Critics have commented on the character's depiction as an anarchist since his first appearance. According to Alan Grant, anarchists with whom he associated were angered by his creation of the character, seeing it as an act of recuperation for commercial gain. Neither Grant nor Breyfogle could fully agree with this criticism. As Grant put it, "I thought I was doing them a favour you know?"

In the years following the Anarky publications of the late 1990s, more receptive critiques have been offered. In assessing the presentation of anarchist philosophy in fiction, Mark Leier, the director for the Centre for Labour Studies from Simon Fraser University, cited Anarky as an example of the favorable treatment anarchist philosophy has occasionally received in mainstream comic books. Leier took particular note of quotations derived from the dialogue in "Anarky in Gotham City" story, in which Batman speaks positively of Anarky's intentions. Following the cancellation of the ongoing series, Roderick T. Long, an anarchist/libertarian political commentator and Senior Scholar at the Ludwig von Mises Institute, praised Anarky as "an impressive voice for liberty in today's comics". Margaret Killjoy's examination of anarchist fiction, Mythmakers & Lawbreakers, afforded Alan Grant and Anarky brief mention. Explaining the relationship Grant had with anarchism, Killjoy reviewed the characters' early incarnations as "quite wonderful".
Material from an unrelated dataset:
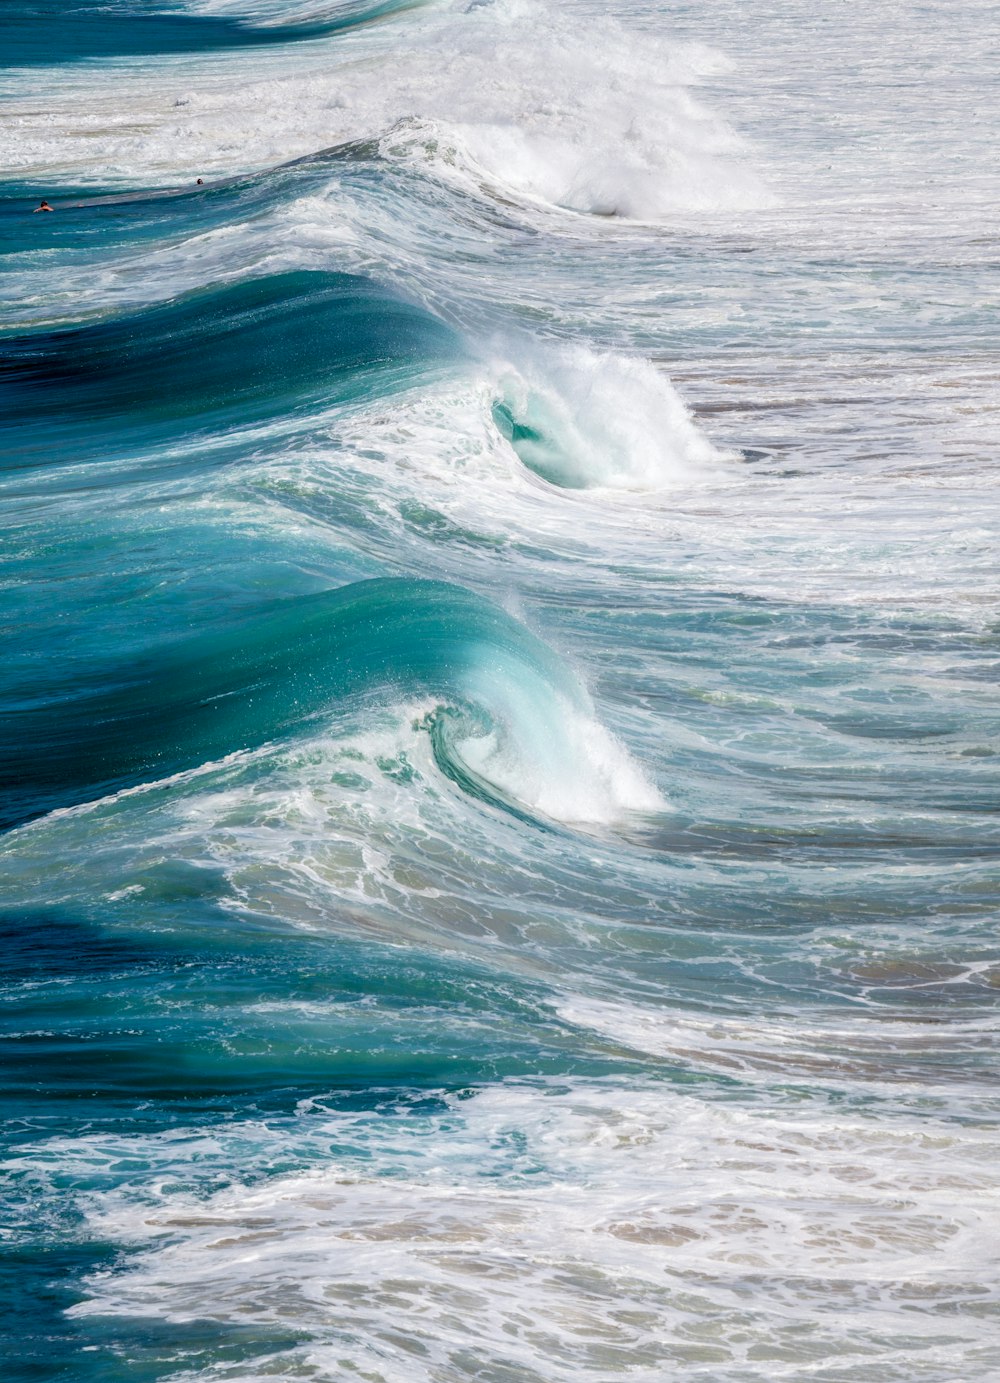 ondas do oceano batendo em terra durante o dia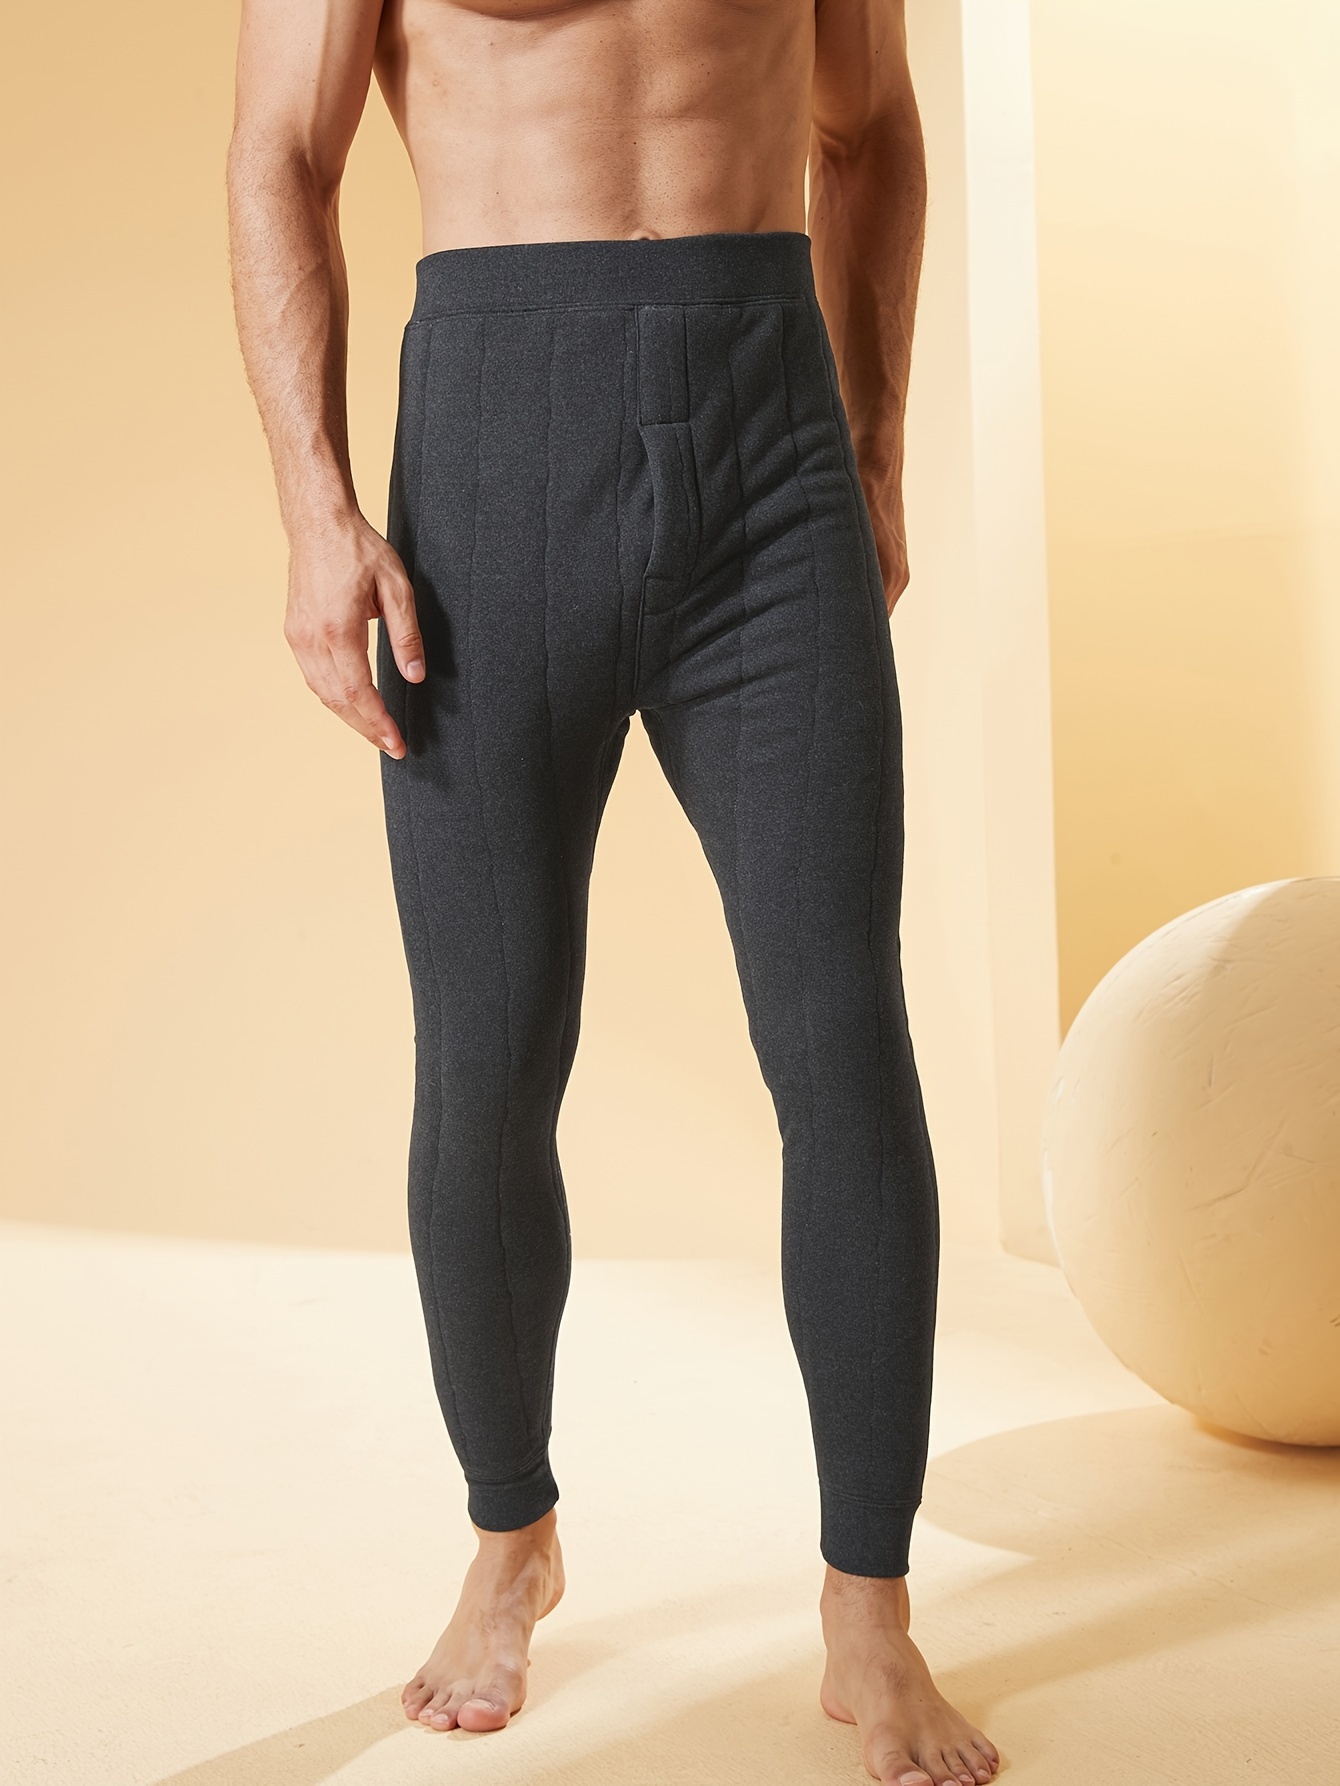 Men's Thermal Underwear Pants Thickened Fleece Warm Leggings - Temu

Greg Burgas, in reviewing the career of Alan Grant, specifically cited Anarky's anarchist philosophy as one of the character's most empathetic traits. Lamenting the obscurity of the character, Burgas wished Anarky and anarchism would be presented more often: "... anarchy as a concept is often dismissed, but it's worth looking at simply because it is so radical and untenable yet noble".

==Media==

As a lesser known character in the DC Universe, Anarky has a smaller library of associated comic books and significant story lines than more popular DC Comics characters. Between 1989 and 1996, Anarky was primarily written by Alan Grant in Batman-related comics, received a guest appearance in a single issue of Green Arrow by Kevin Dooley, and was given an entry in Who's Who in the DC Universe.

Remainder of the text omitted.